Чего боятся сегодня литовцы.

К оглавлению1 2 3 4 5 6 7 8 9 10 11 12 13 14 15 16 
17 18 19 20 21 22 23 24 25 26 27 28 29 30 31 32 33 
34 35 36 37 38 39 40 41 42 43 44 45 46 47 48 49 50 
51 52 53 54 55 56 57 58 59 60 61 62 63 64 65 66 67 
68 69 70 71 72 73 74 75 76 77 78 79 80 81 82 83 84 
85 86 87 88 89 90 91 92 93 94 95 96 

Наше исследование показало, что наиболее сильную тревогу сегодня в Литве вызывают следующие явления:

Массовые эпидемии и распространение СПИДа и других смертельных болезней (53,6%)

Массовая безработица (52,7%)

Снижение жизненного уровня, обнищание населения (51,8%)

Криминализация общества (45,8%)

Коррупция властных структур (43,5%)

Химическое и радиационное заражение воды, воздуха, продуктов (41,0%)

Полное беззаконие (39,4%)

Ядерная война (32,9%)

Распространение ядерного оружия (31,5%)

Терроризм (31,3%)

Главная беда для литовцев — опасность массовых эпидемий, распространения СПИДа и других смертельных болезней. Живя в мире глобальной экономики и всевозрастающих связей между странами и континентами, ни одна страна не может застраховаться от того, чтобы назавтра не оказаться в эпидемиологической ситуации. Тем более это вызывает опасения у нации, чье население составляет 3,8 млн. человек, живущей в окружении стран (Россия, особенно ближайший к Литве Калининградский район, Белоруссия и Украина), которые находятся на грани крупномасштабной вспышки ВИЧ-инфекции, которая еще не встречалась ни в одном регионе мира, включая США и Африку.(23) С точки зрения литовских респондентов опасность распространения смертельных болезней и эпидемий представляет большую угрозу для нации, чем экономический кризис. В этом тоже проявляется своеобразие литовского менталитета, особое национальное самосознание.

При сравнении массовых страхов в Литве, России и на Украине бросается в глаза то, что интенсивность массовых страхов в Литве значительно ниже, чем на Украине и в России. Очень резкий разрыв.

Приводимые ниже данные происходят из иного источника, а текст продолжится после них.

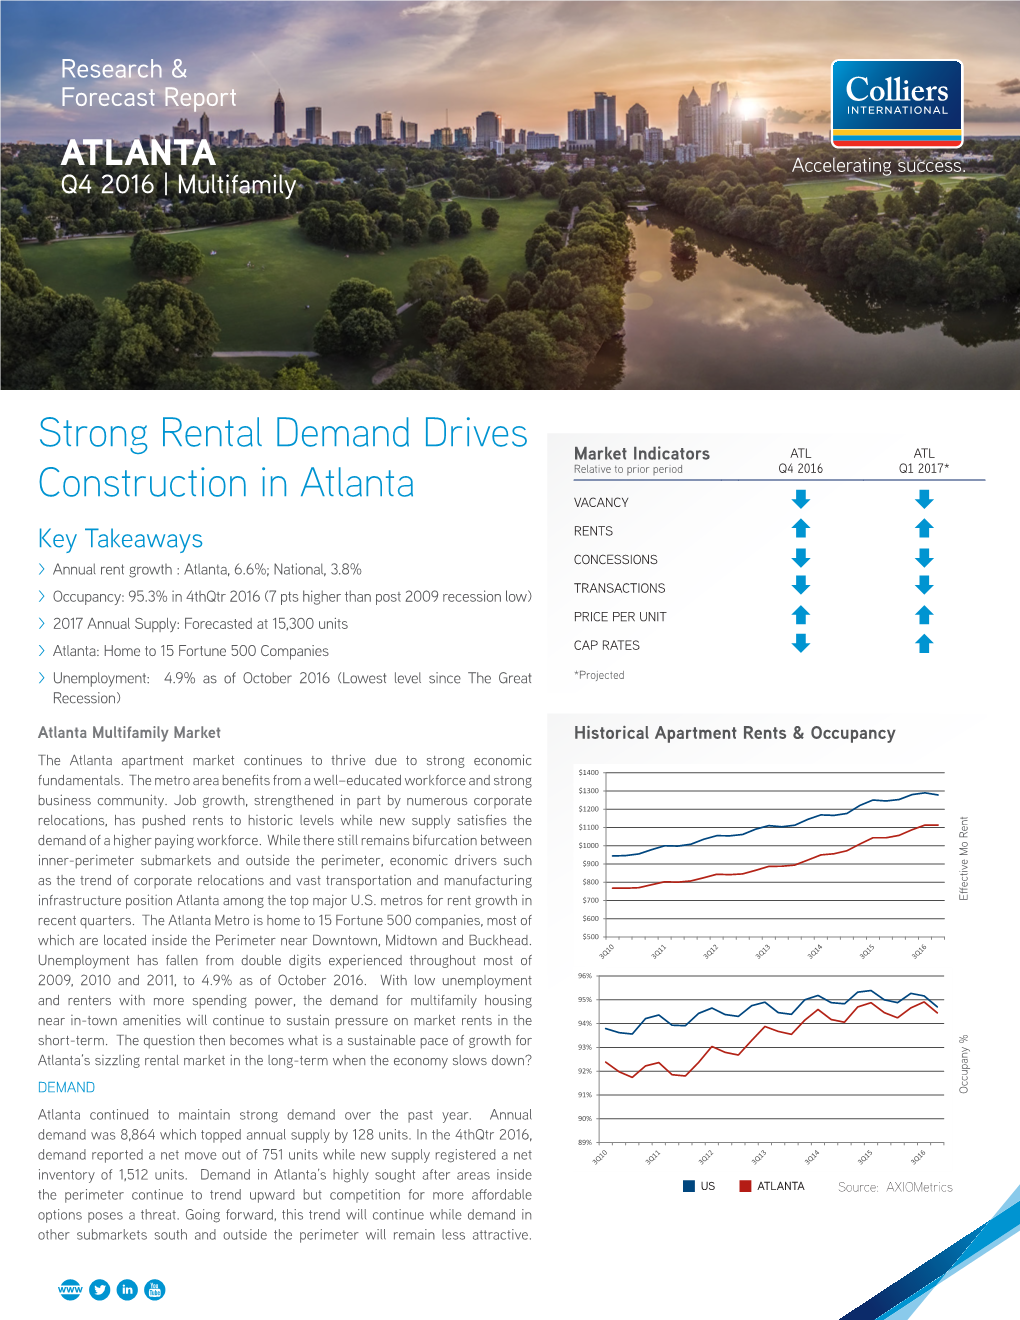 Strong Rental Demand Drives Construction in Atlanta

Уровень страхов в Литве по всем показателям, кроме одного (преобладание иммигрантов, которые не хотят или не способны освоить их культуру, язык и образ жизни), ниже, чем на Украине, и по большинству показателей ниже, чем в России. Прежде всего стоит сопоставить данные по Литве с данными по российским регионам за 1996 год: для северо-западных регионов страны вообще не характерно обостренное катастрофичное восприятие жизни, паническое состояние, скорее это свойственно Южной части и Центру.

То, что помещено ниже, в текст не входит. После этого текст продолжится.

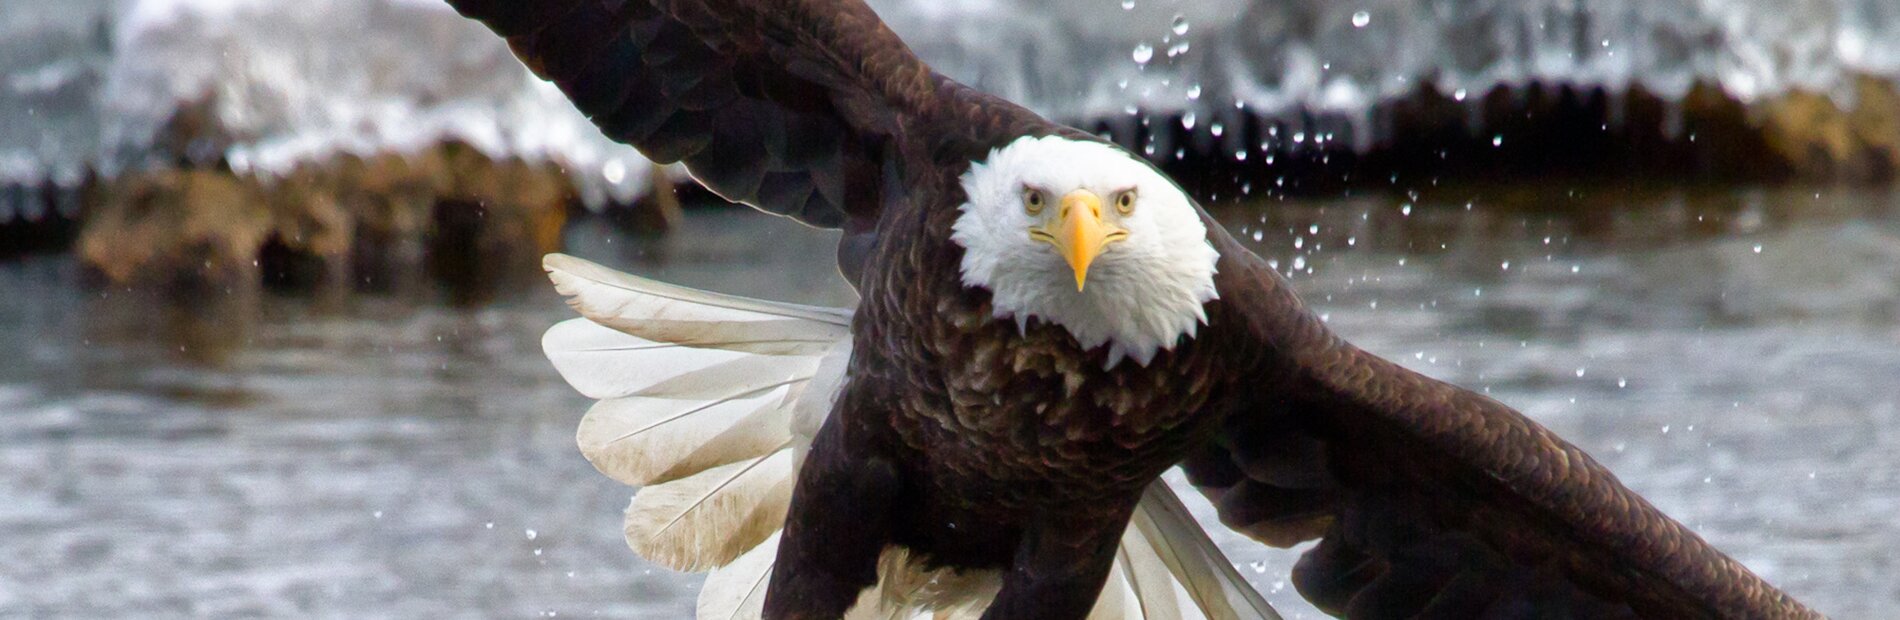 Bald Eagle Flying Over Water

Сравнительно низким уровнем страха Литва обязана, с нашей точки зрения, и некоторым другим причинам. Не все успели уничтожить в Литве за годы советской власти. И, прежде всего, стремление маленького народа с большой историей сохранить свою самобытность и независимость. В Литве, самой обособленной советской республике, сохранилась мораль, которая опиралась на традиционно сильную католическую веру. Католическая церковь оказывала и оказывает сильное влияние на общественно-политическую жизнь страны и в советский период и сейчас, она стала тем самым сплачивающим фактором в противостоянии русским оккупантам.

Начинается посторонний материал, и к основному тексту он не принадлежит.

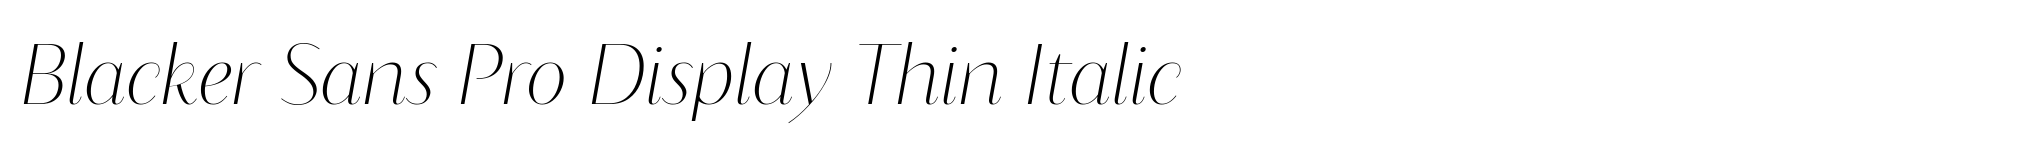 Blacker Sans Pro Display Thin Italic image

Нельзя не отметить и тот факт, что последствия развала СССР для Литвы, бывшей одной из самых богатых советских республик, были значительно менее катастрофичны, чем для Украины и России. В отличие от Латвии и Эстонии Литва, за годы пребывания в составе СССР, не потеряла, а приобрела территории: ей был возвращен Вильнюсский край и передан Клайпедский (Мемельский) край. После выхода из СССР Литве остались Игналинская АЭС, обеспечивающая сейчас более 80% потребностей страны в электроэнергии, построенная на средства единого союзного бюджета. В распаде СССР, а затем в налаживании отношений между постсоветскими государствами и Россией именно Литве принадлежала особая роль. Она первой из бывших союзных республик провозгласила свою независимость. Вильнюс быстрее и безболезненнее других урегулировал политико-правовой статус русскоязычного населения. Другая особенность положения Литвы заключается в том, что сегодня она граничит не с материковой Россией, от которой ее отделяют Латвия и Белоруссия, а с калининградским анклавом. Российское восприятие Литвы определяется прежде всего такой геополитической реальностью, как расположение Калининградской области. Литва всегда будет оставаться для России проблемной зоной, с которой необходимо поддерживать добрососедские отношения. (19)

Низкий уровень страхов в Литве наводит на мысль, что литовцы воспринимают действительность так же, как российские иммигранты. Интенсивность страхов и тревог по основным показателям в Литве такая же. Такой же низкий уровень по сравнению с Украиной и Россией.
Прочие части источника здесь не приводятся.